# [Task statement]
Wherever a picture sits, omit it. Output the rest of the listing exactly.
***** Input data
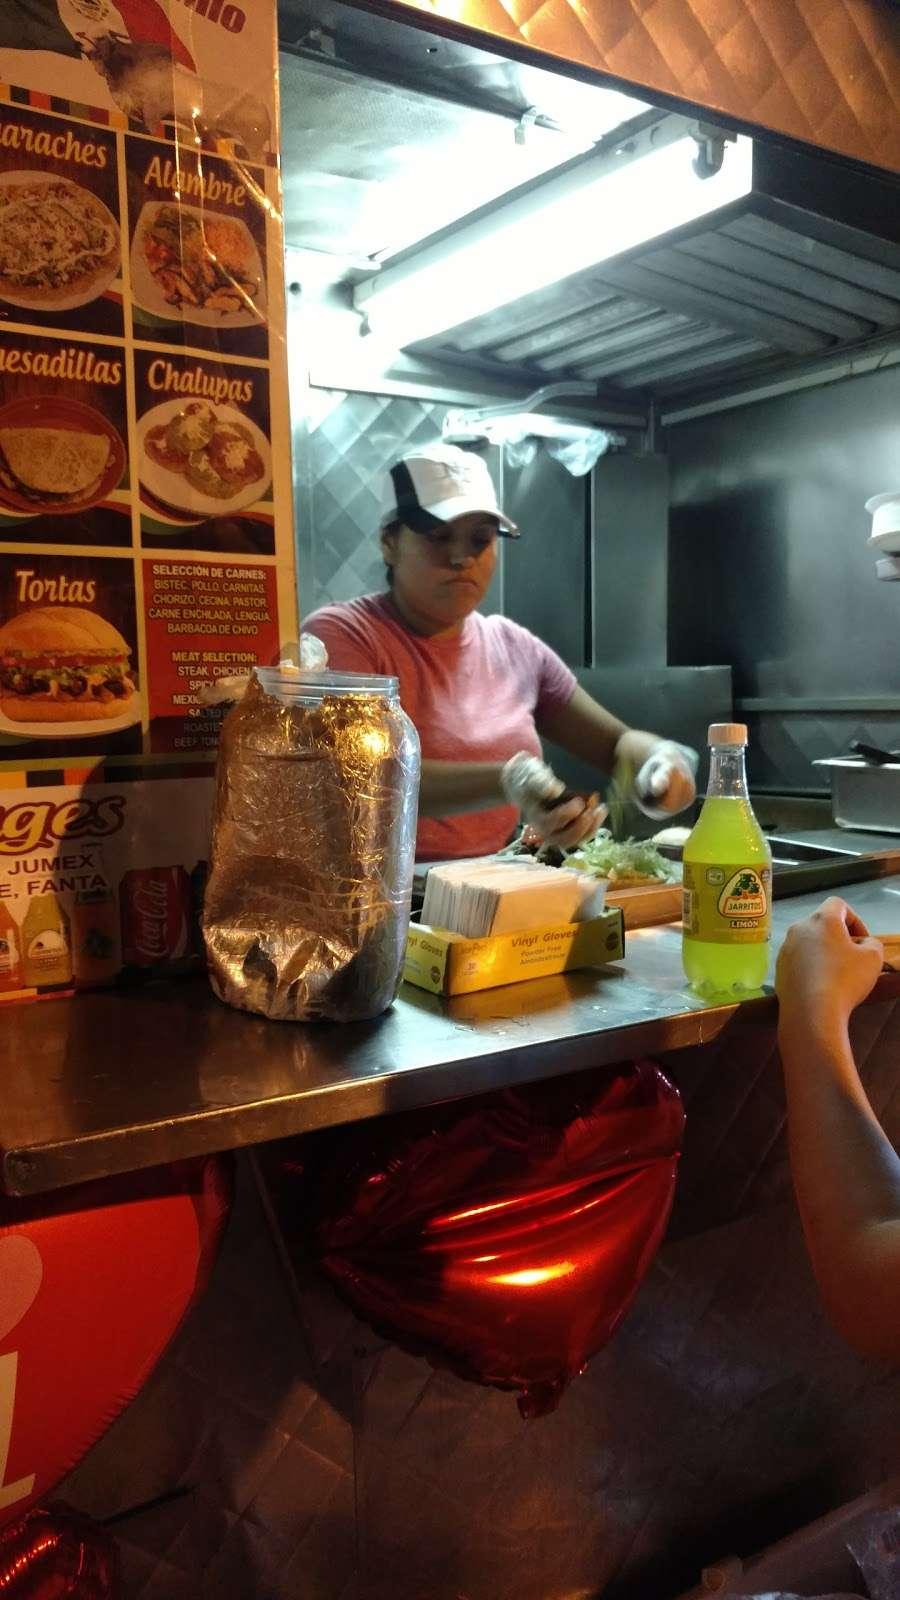 El Novillo - Antojitos Mexicanos - restaurant  | Photo 7 of 8 | Address: 40-0 Prince St, Flushing, NY 11354, USA
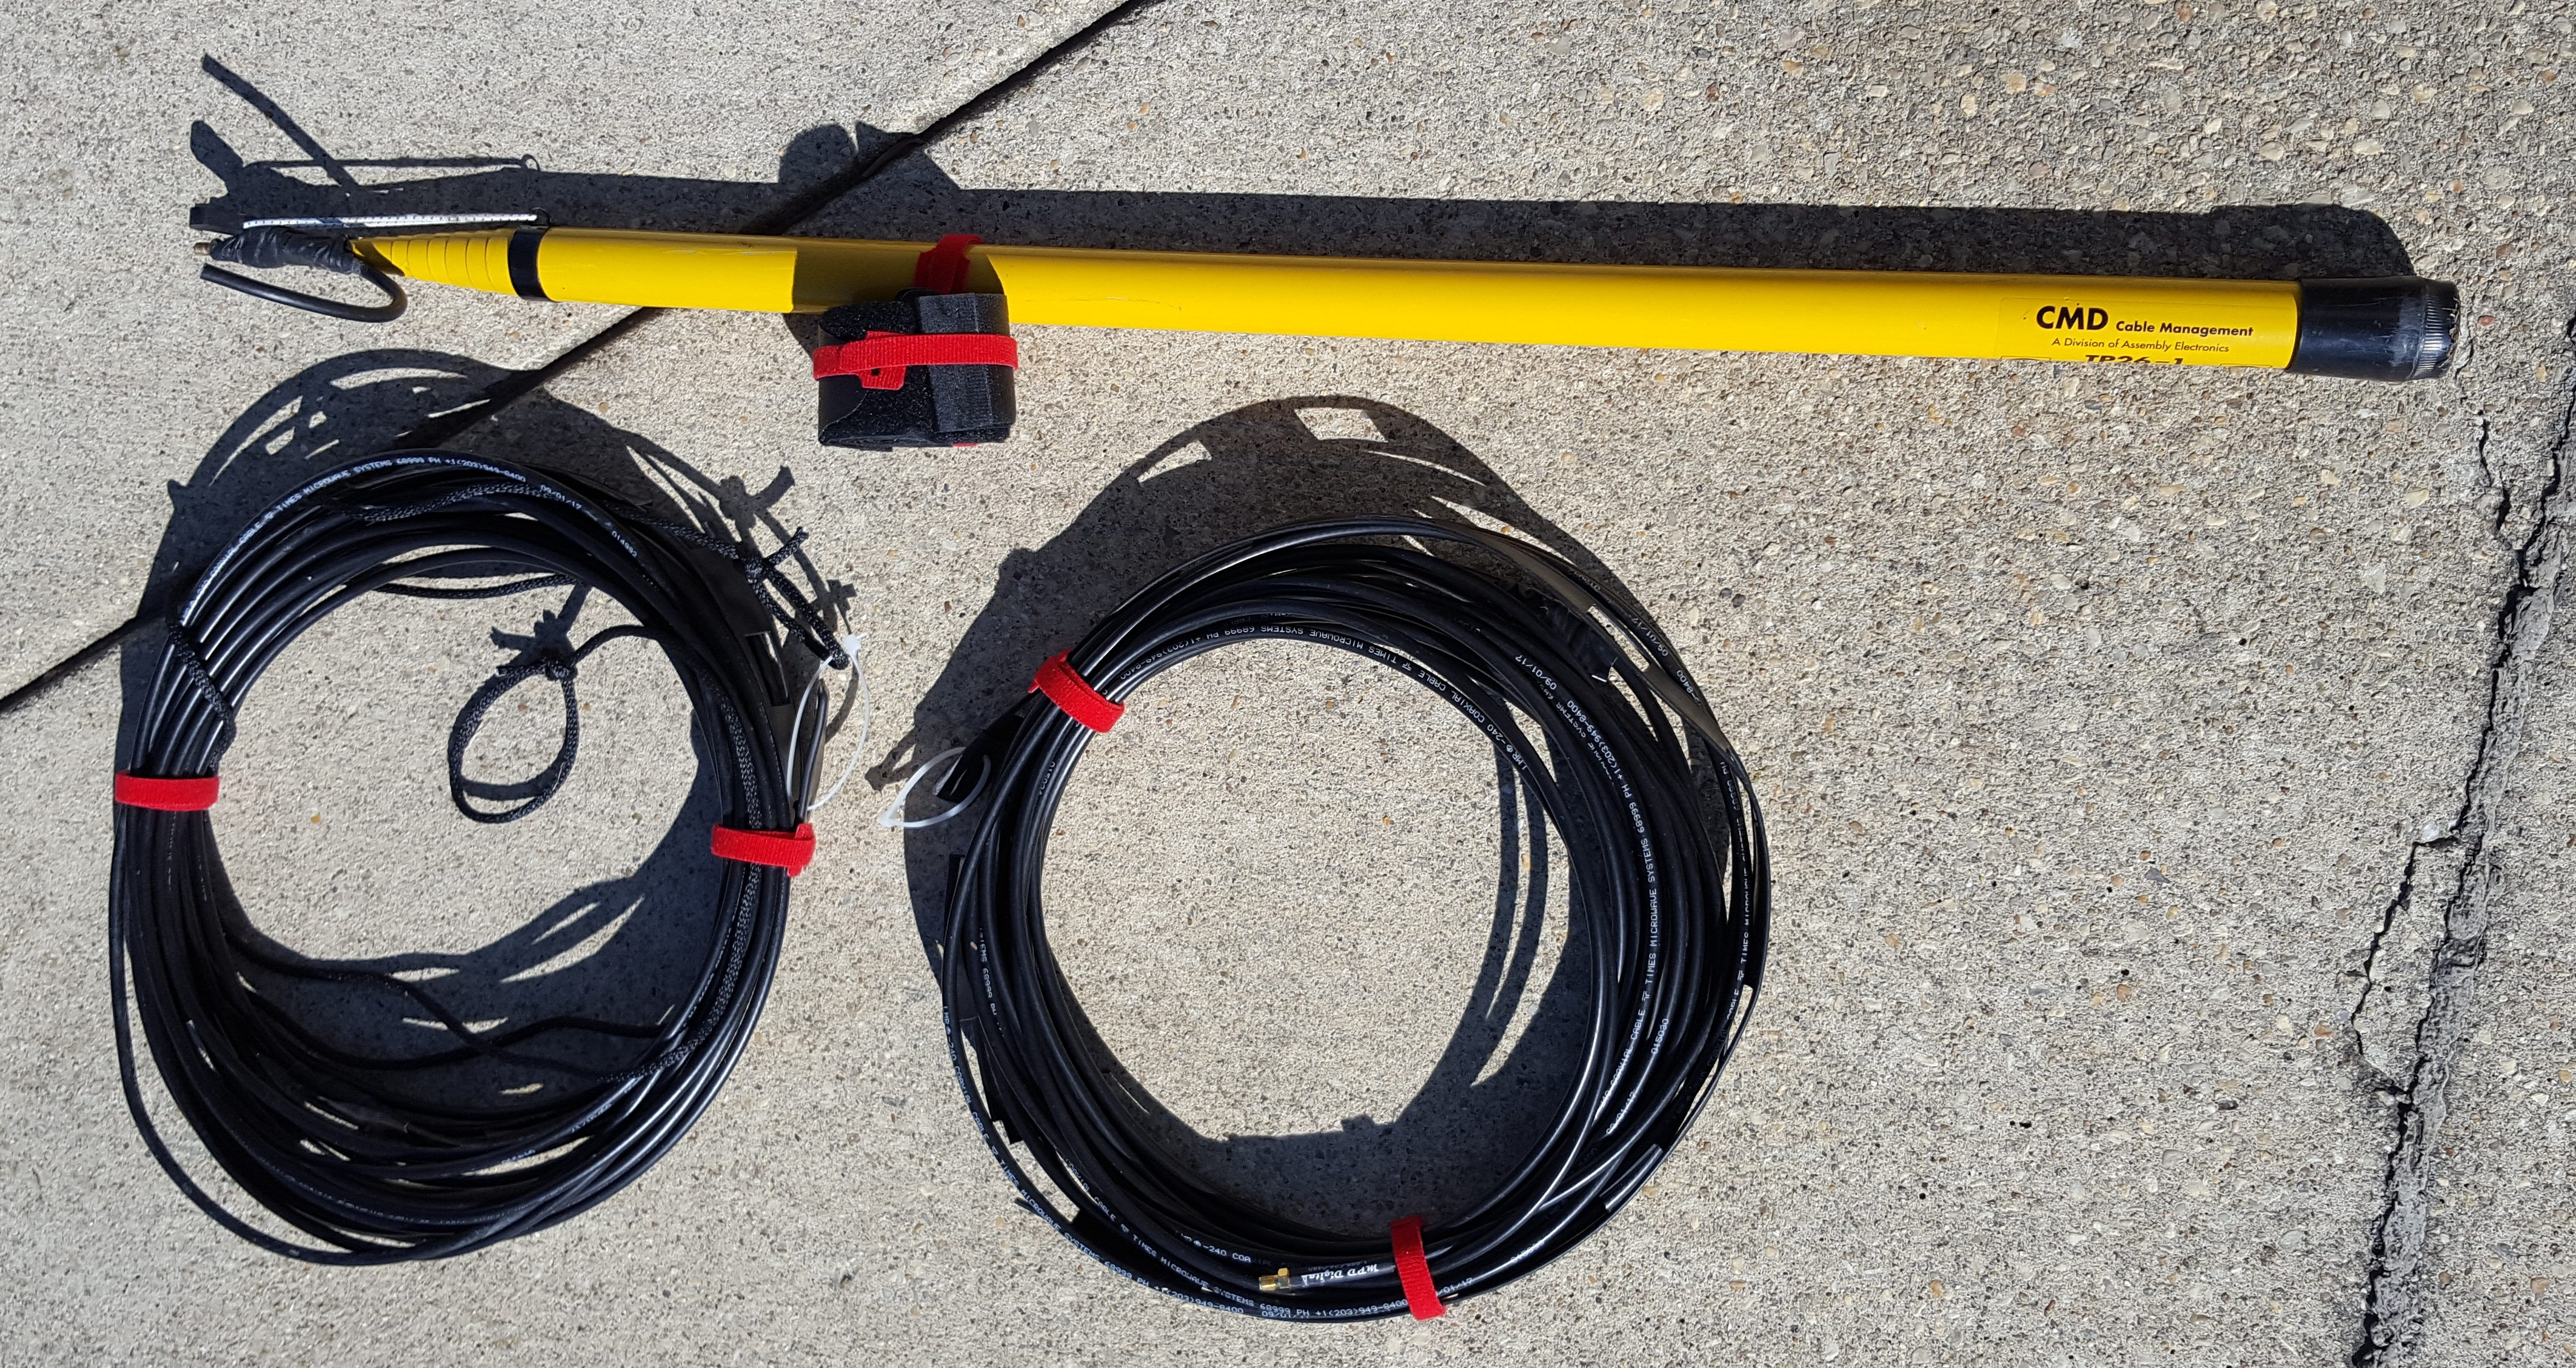 J-Pole antennas for SAR
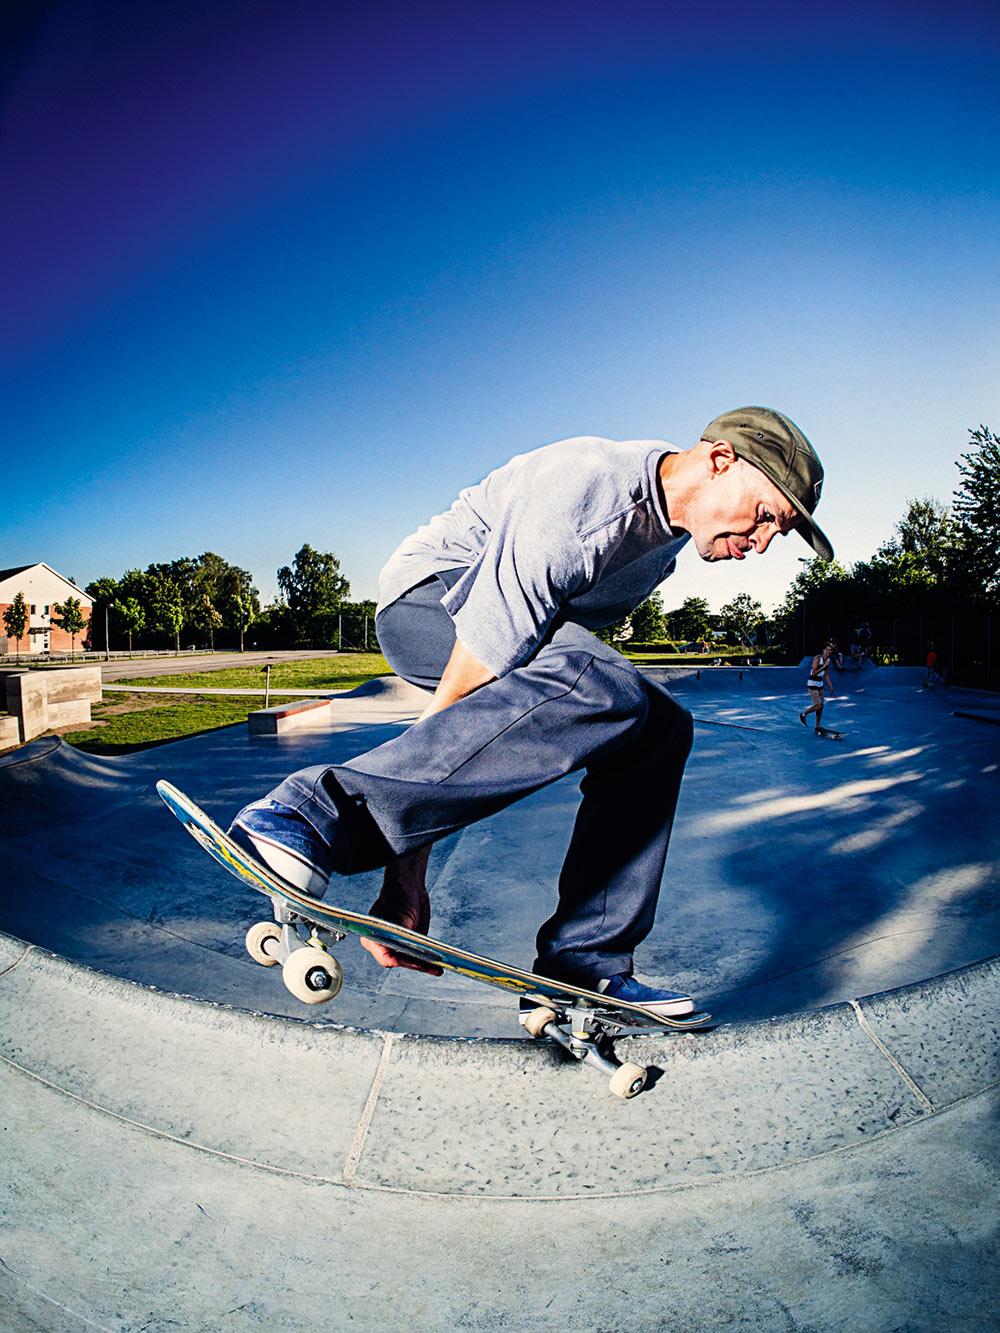 Åkarp Skatepark
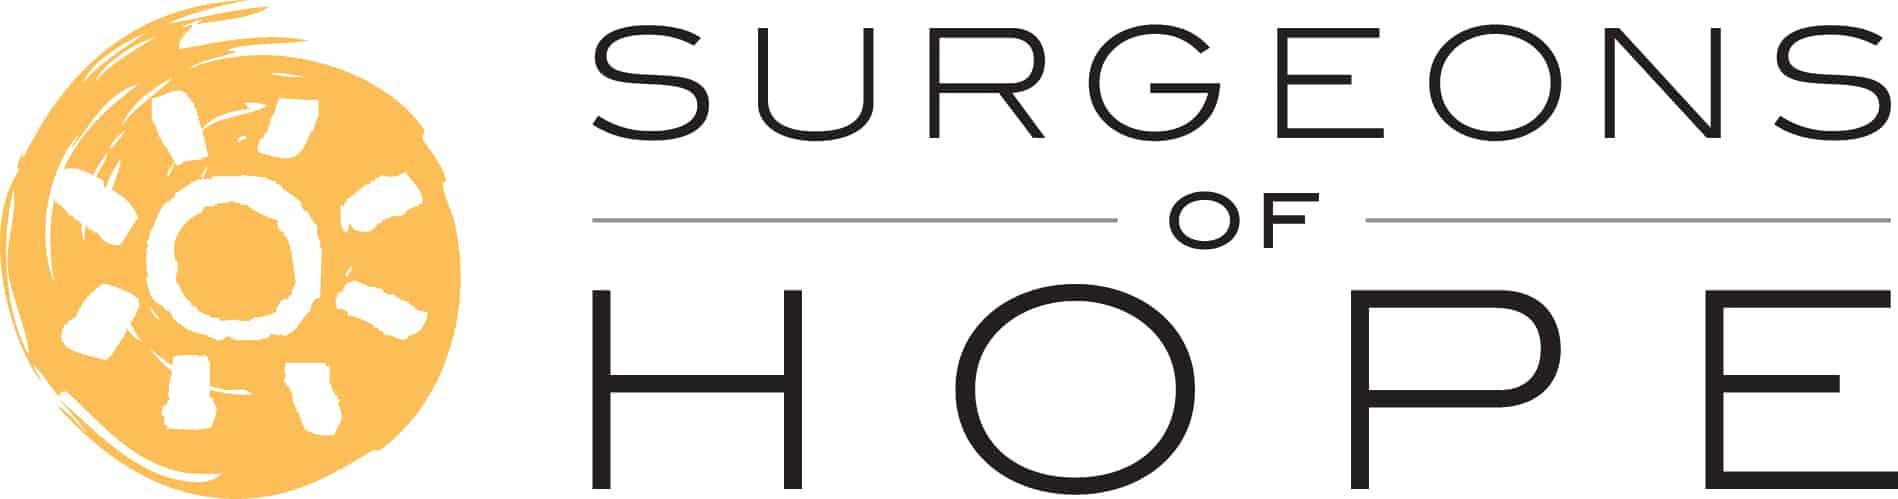 Surgeons of Hope
**********
# [Written reply]
 El Novillo - Antojitos Mexicanos - restaurant  | Photo 7 of 8 | Address: 40-0 Prince St, Flushing, NY 11354, USA
 J-Pole antennas for SAR
 Åkarp Skatepark
 Surgeons of Hope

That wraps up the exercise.